What needs to be done: Leave out every picture, then transcribe the rest of the listing exactly.

Source data:
::::

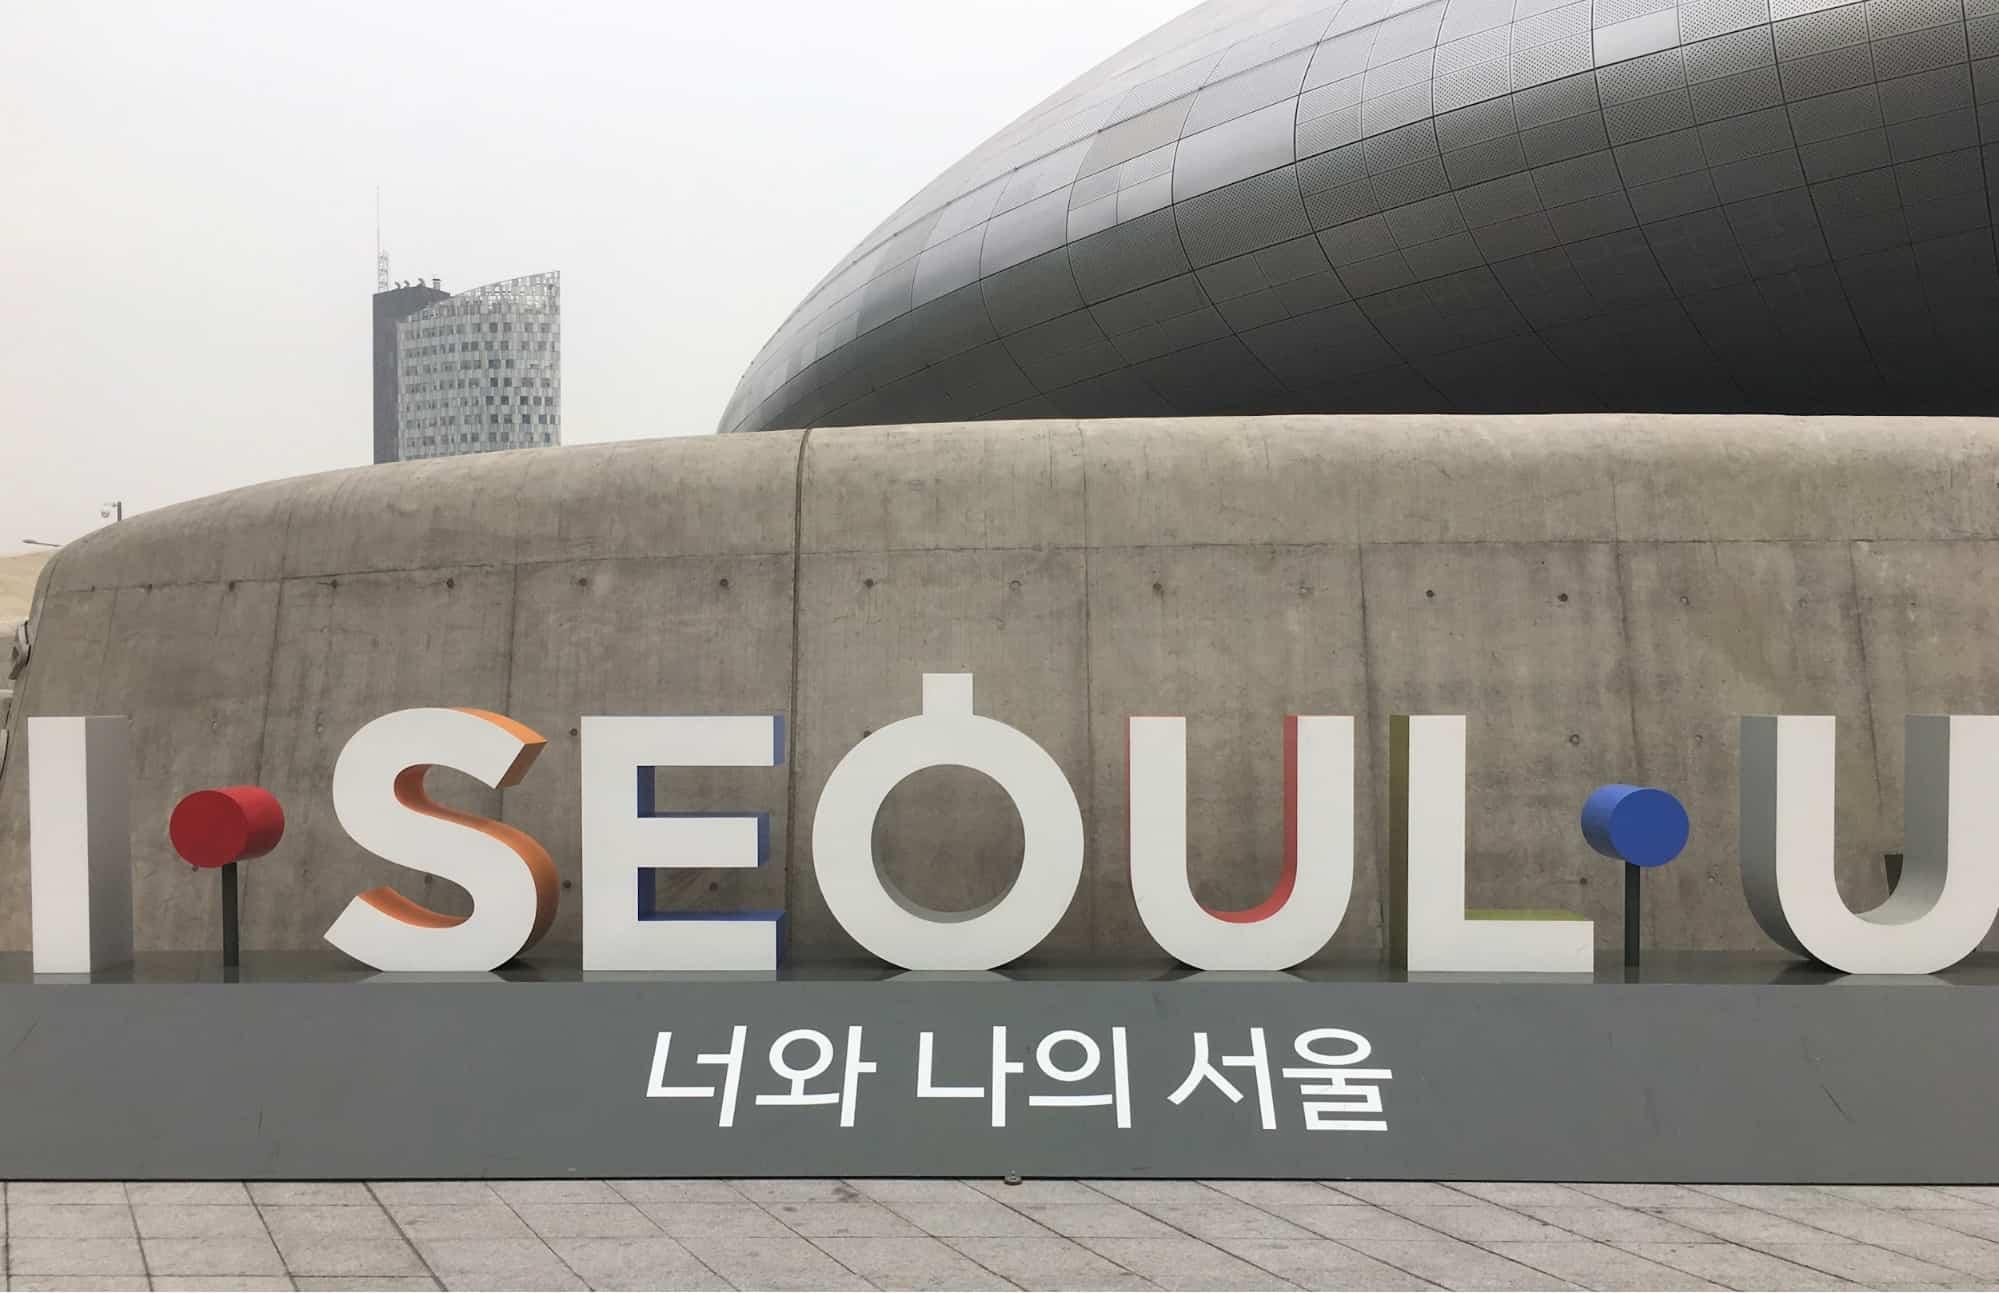 Travel Tips for Seoul South Korea
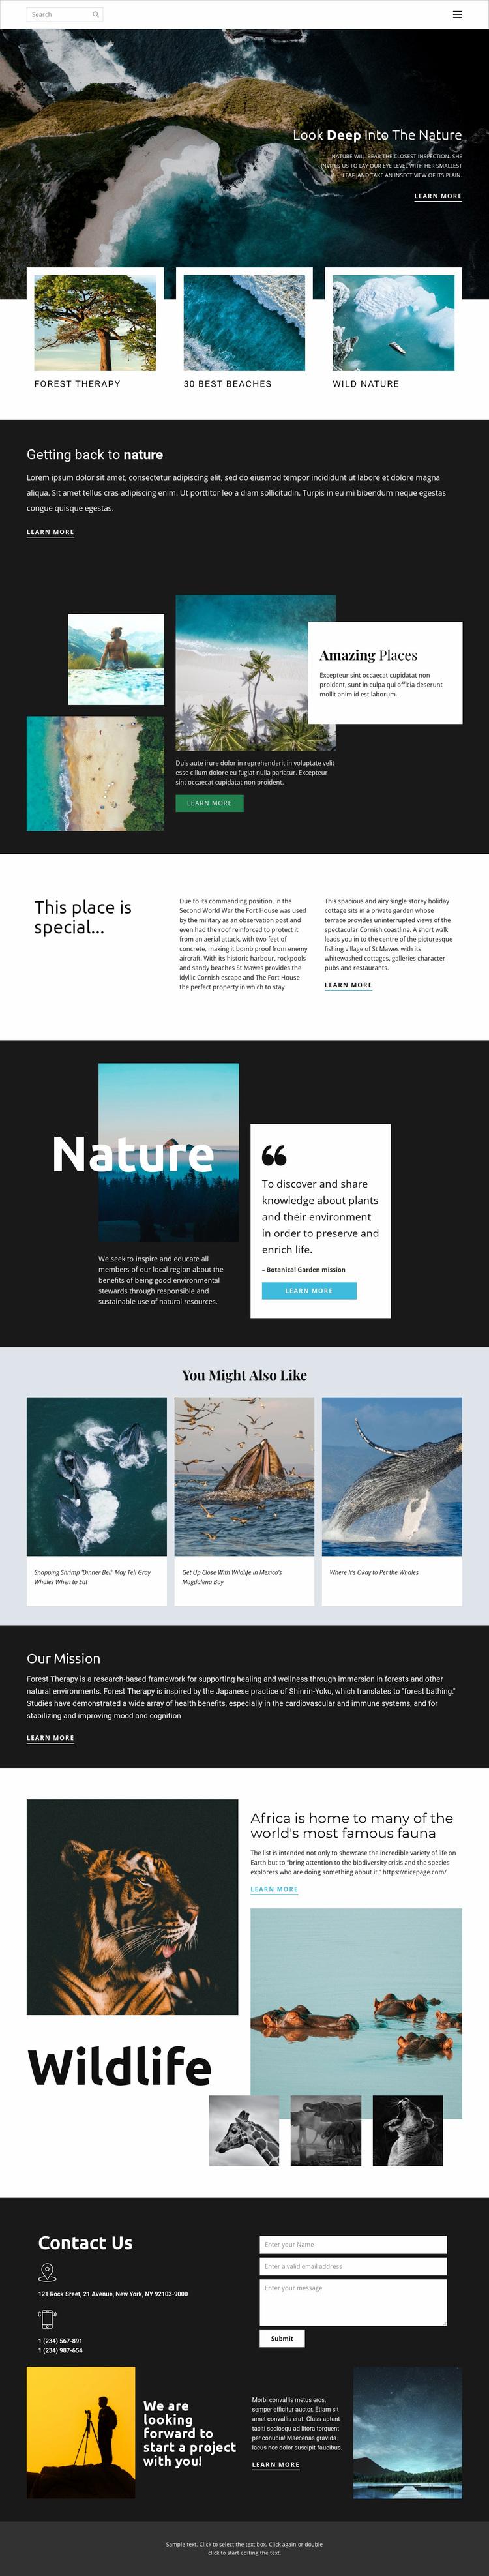 Exploring wildlife and nature Website Design
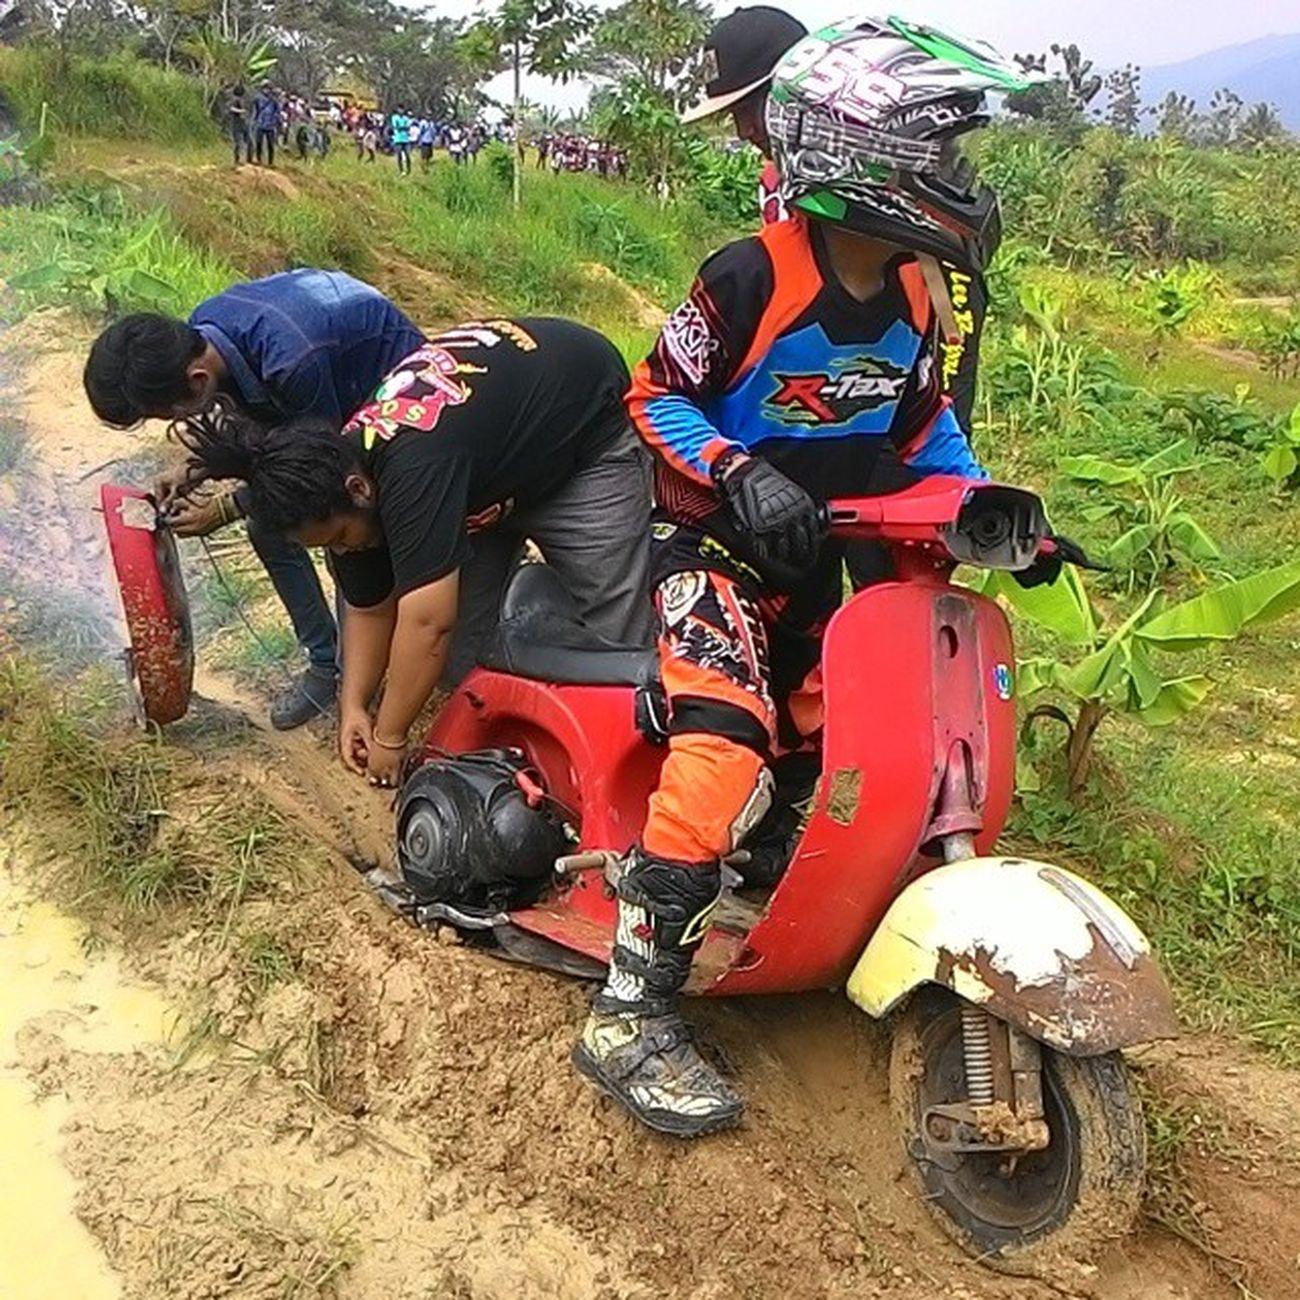 GTX Vespa Banjarsari Vespacross Vesparacing Gtx Sober  Saku Vespagram Scooterprix Scooterracing
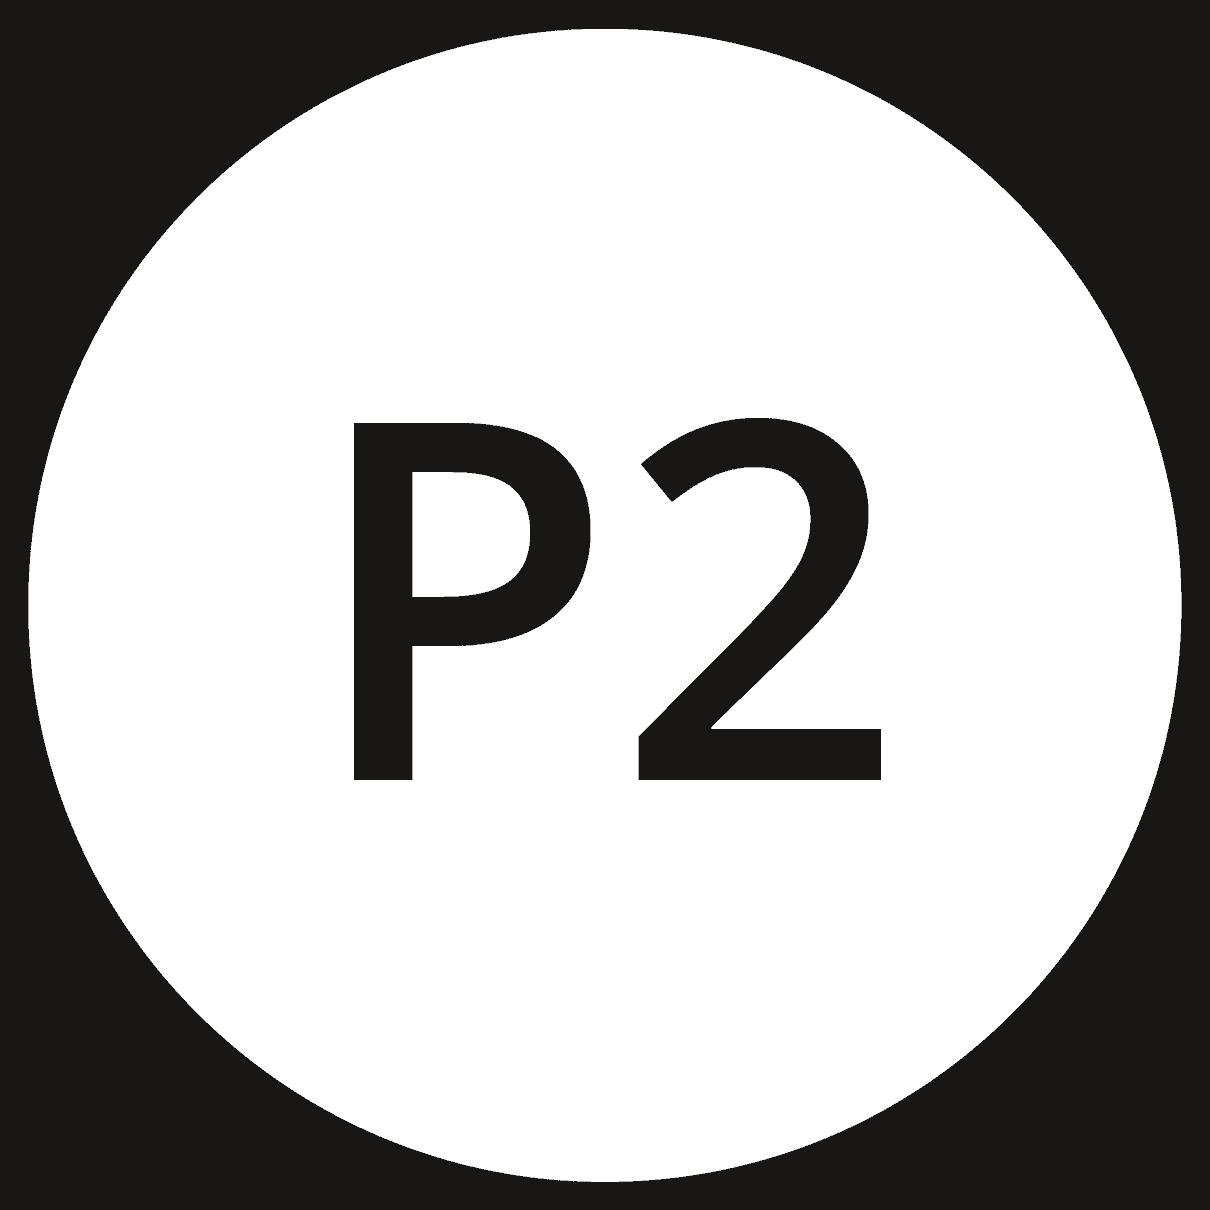 Icon Phase 2

::::

Result:
 Travel Tips for Seoul South Korea
 Exploring wildlife and nature Website Design
 GTX Vespa Banjarsari Vespacross Vesparacing Gtx Sober  Saku Vespagram Scooterprix Scooterracing
 Icon Phase 2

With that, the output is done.